Джаммария далеко не одинок в своем предположении. Еще в 1940ом году вышла работа Карла Густава Юнга «О Вотане», где он рассматривал безумие захлестнувшее Германию как резкую активацию архетипа Вотана. Германская мифология в основе своей это мифология трагической обреченности – все стремиться к последней битве в которой Ассы – то есть немецкий пантеон обречен на поражение.
С другой стороны, позитивным действием архетипов можно рассмотреть пример духовного подъема и сексуальной революции 60х которую и противники и сторонники рассматривали как пробуждение Диониса. Показательно, что в одной из книг известного этического консерватора и атеиста, есть противопоставление Дионисизма Вудстока и людей собравшихся видеть полет космического корабля «Аполлон». Очевидно, что автор – сознательно отрицает каких либо богов или архетипов, но сама реальность устроена так, что именно этот образно-символический ряд наиболее точно передает суть социо-культурных процессов. Сам язык восстает против плосткостных объяснений и заставляет аппелировать к архетипу или к божеству.

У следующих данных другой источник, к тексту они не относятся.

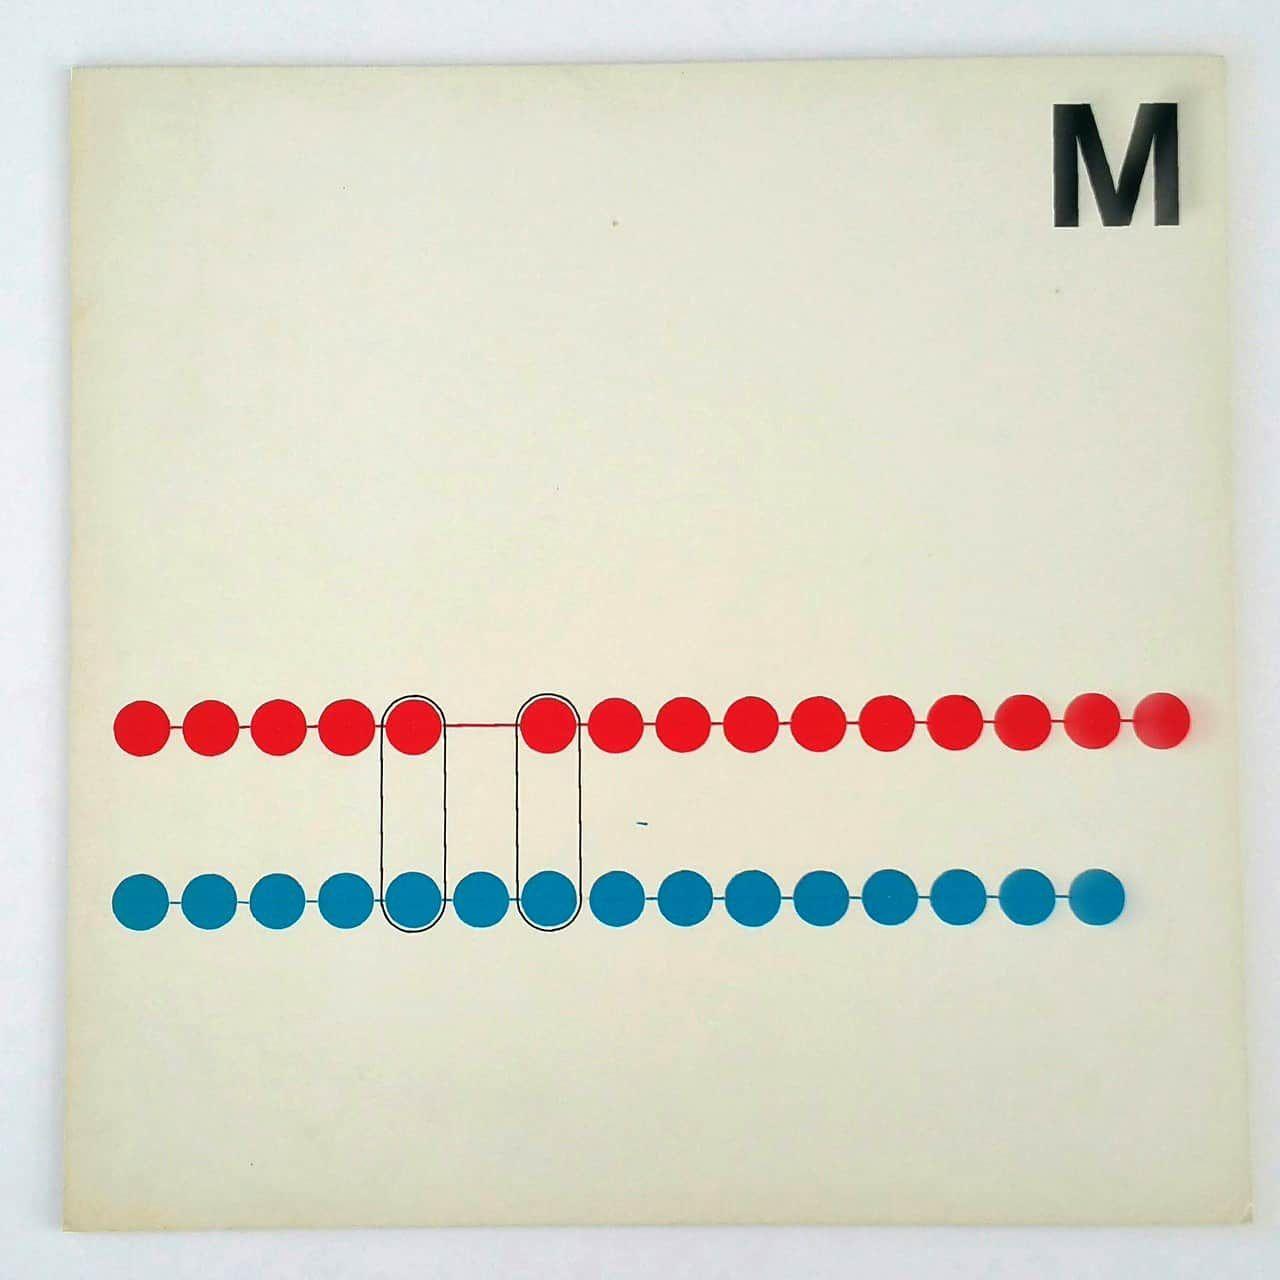 Subway Map Presentation.Dc Metro Subway Map Designs Massimo Vignelli Graphic Design
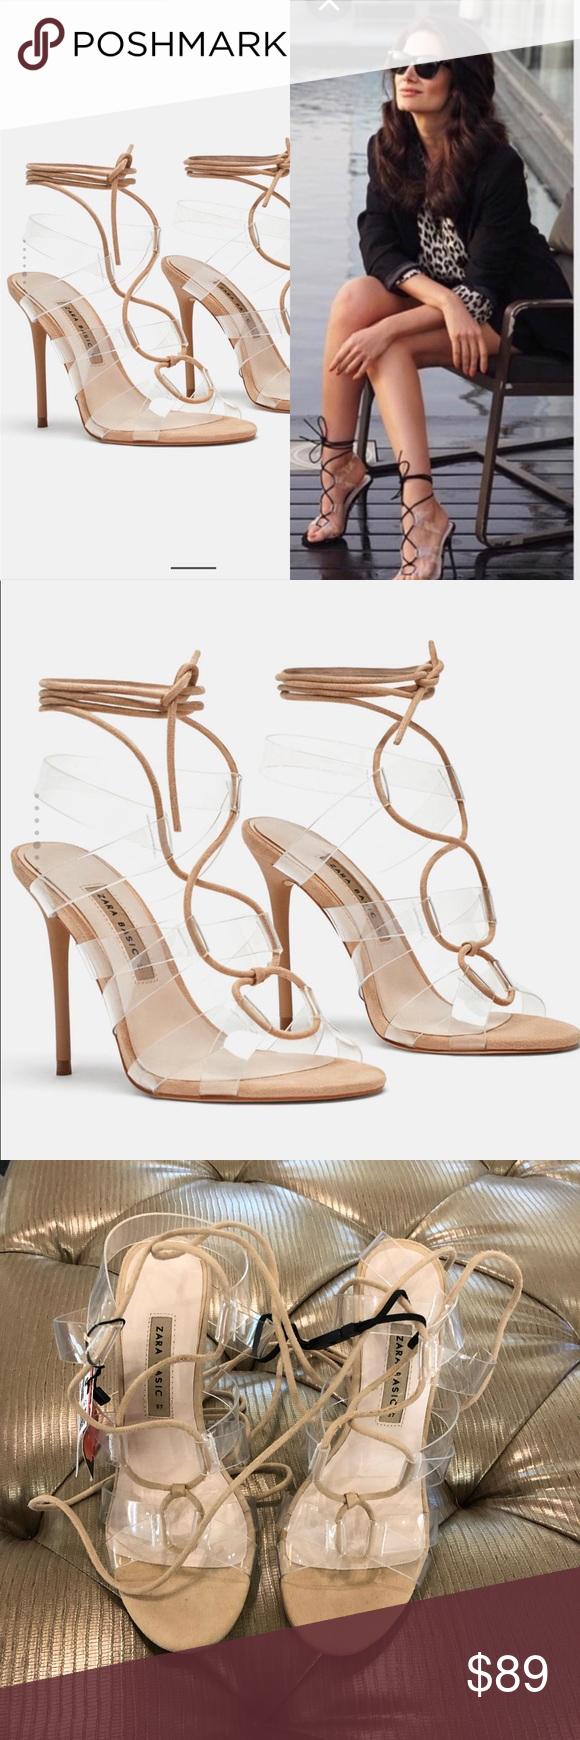 Nwt Zara Heeled Vinyl Tie Sandals Sz 37 In Women Nwt Zara Heeled Vinyl Tie Sandals Sz 37 Beige Heeled Sandal Vinyl Strap D Zara Heels Beige Sandals Heels Zara

В зависимости от предпочтений мы можем говорить о «божествах» или «архетипах объективного психического» — это абсолютно неважно.
Кстати в этом механизме – психологическое объяснение популярности так называемых «теорий заговора». Понятая буквально – теория заговора это бред и паранойя, но как учил Юнг любая бредовая идея – это лишь ошибочно понятая буквально символическая информация. Справедливо будет рассмотреть «миф о заговоре» как метафору «принадлежности к одному архетипу».
Я думаю что вы без труда можете узнавать и проникаться симпатией к людям с близкими вам руководящими архетипами. Каждый из нас имеет набор неких «аксиом» которые аксиоматичны для нас лишь потому, что мы находимся в поле конкретного архетипа и враждебны другому архетипу. И наоборот – мы еще не знаем человека, но по нескольким словам – чувствуем отторжение, антипатию, беспокойство. Ничего личного – но на уровне архетипов которые ведут нас сразу намечается различие.
Более того – когда определенный архетип поднимается на поверхность, чужие или даже враждебные друг другу до этого люди, вдруг начинают чудесным образом консолидироваться вокруг этого архетипа.
Когда архетип или божество пробуждается – мгновенно происходит консолидация. Наблюдающему эту иррациональную консолидацию со стороны, может показаться что за ней действует объективная сила, заговор, игра некоего тайного общества. Эта иллюзия возникает потому, что сила которая ответственно за такого рода консолидации действительно есть – вот только действует она не на физическом а на психологическом, или если угодно психоидном уровне.
Итак, нашей задачей является детально установить те архетипы которые стоят за либертарианской идеологией.
В одной из прошлых лекций мы говорили о том, что гностицизм был первой формой либертарианской идеологии. Гностик утверждал ценность индивидуальной души не только выше государственных интересов но и выше творца мира. Утверждая примат личного откровения над законом и пророками, именно гностик оказался своего рода метафизическим предтечей либертарианства – то есть идеологии в которой человек, на основе собственного индивидуального бытия определяет во что ему верить и какой морали придерживаться.
Стефан Хёллер – епископ гностической церкви и теоретик либертарианства подтверждает и развивает эту интуитивную догадку в своей книги «Алхимия свободы для современного общества». Я убежден, что интеллектуальная деятельность Стефана Хёллера является крайне важной поскольку она выводит нас из огромной ловушки в которую в современной культуре попала либеральная идеология.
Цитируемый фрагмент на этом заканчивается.